Alexander the Great – Pompeii Mosaic (ca. 100 BC)

Alexander the Great

Strategy & Adaptability

356–323 BC · Macedonian King and Military Commander

Biography & Historical Context

Alexander III of Macedon, student of Aristotle, took power at age 20 and conquered an empire from Greece to the Indus within ten years. His campaigns fundamentally changed the ancient world: they created a network of cultures (Hellenism), promoted trade and knowledge transfer, but also required enormous military violence and claimed hundreds of thousands of victims.

Alexander was not merely a conqueror. He founded cities, integrated Persian elites into his administration, married Bactrian princesses, and promoted cultural synthesis. His approach was pragmatic-strategic: where violence didn't help, he relied on diplomacy and symbolic integration. But his style of rule was also autocratic, his decisions sometimes impulsive, and the price of his vision was high.

Resilience Perspective: What We Can Learn

  • Deciding under uncertainty: Alexander constantly moved in unknown terrain – geographically, politically, culturally. His ability to decide quickly and adapt plans was a survival condition. Lesson: In complex situations, decision speed is often more important than perfect information.
  • Cultural translation work: Instead of just subjugating conquered territories, Alexander tried to combine Persian and Greek elements. This stabilized his empire in the short term. Today: Diverse teams and intercultural competence increase system resilience.
  • Logistics as foundation: His campaigns only worked because supply lines were secured. Transfer: Resilience needs functioning infrastructures – material and social.
  • Symbolic communication: Alexander staged himself consciously – as successor to the pharaohs, as protector of Greek culture. Narratives are instruments of power. Lesson: Those who want to promote resilience must tell stories that create meaning.

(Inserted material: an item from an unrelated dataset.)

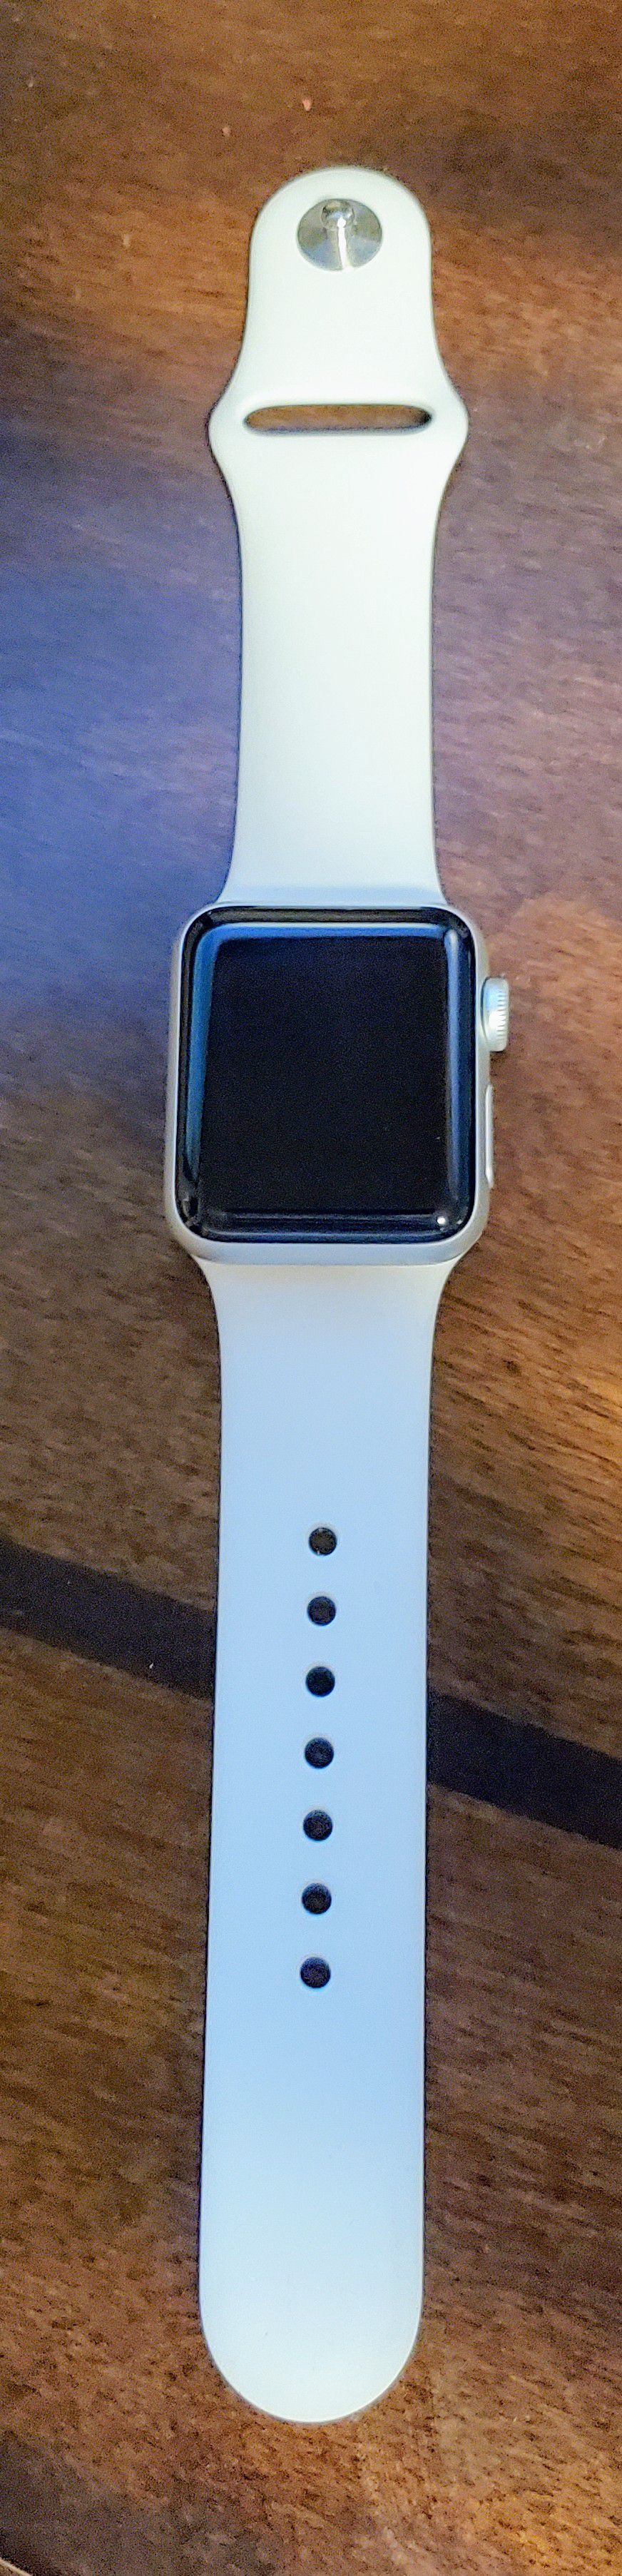 Apple watch series 3 GPS 38mm

Critical Reflection: Ambivalences & Dark Sides

Alexander's conquests were violent. Cities like Tyre and Thebes were destroyed, populations enslaved. His leadership style became increasingly despotic – he had critics executed, including close confidants. His early death at 32 left an empire without stable succession, which quickly fragmented.

The central lesson: Leadership without ethical reflection and institutional safeguards leads to damage that lasts generations. Resilience cannot rest on a single person – it needs structures, checks and balances, shared responsibility. Alexander's success was brilliant, but not sustainable.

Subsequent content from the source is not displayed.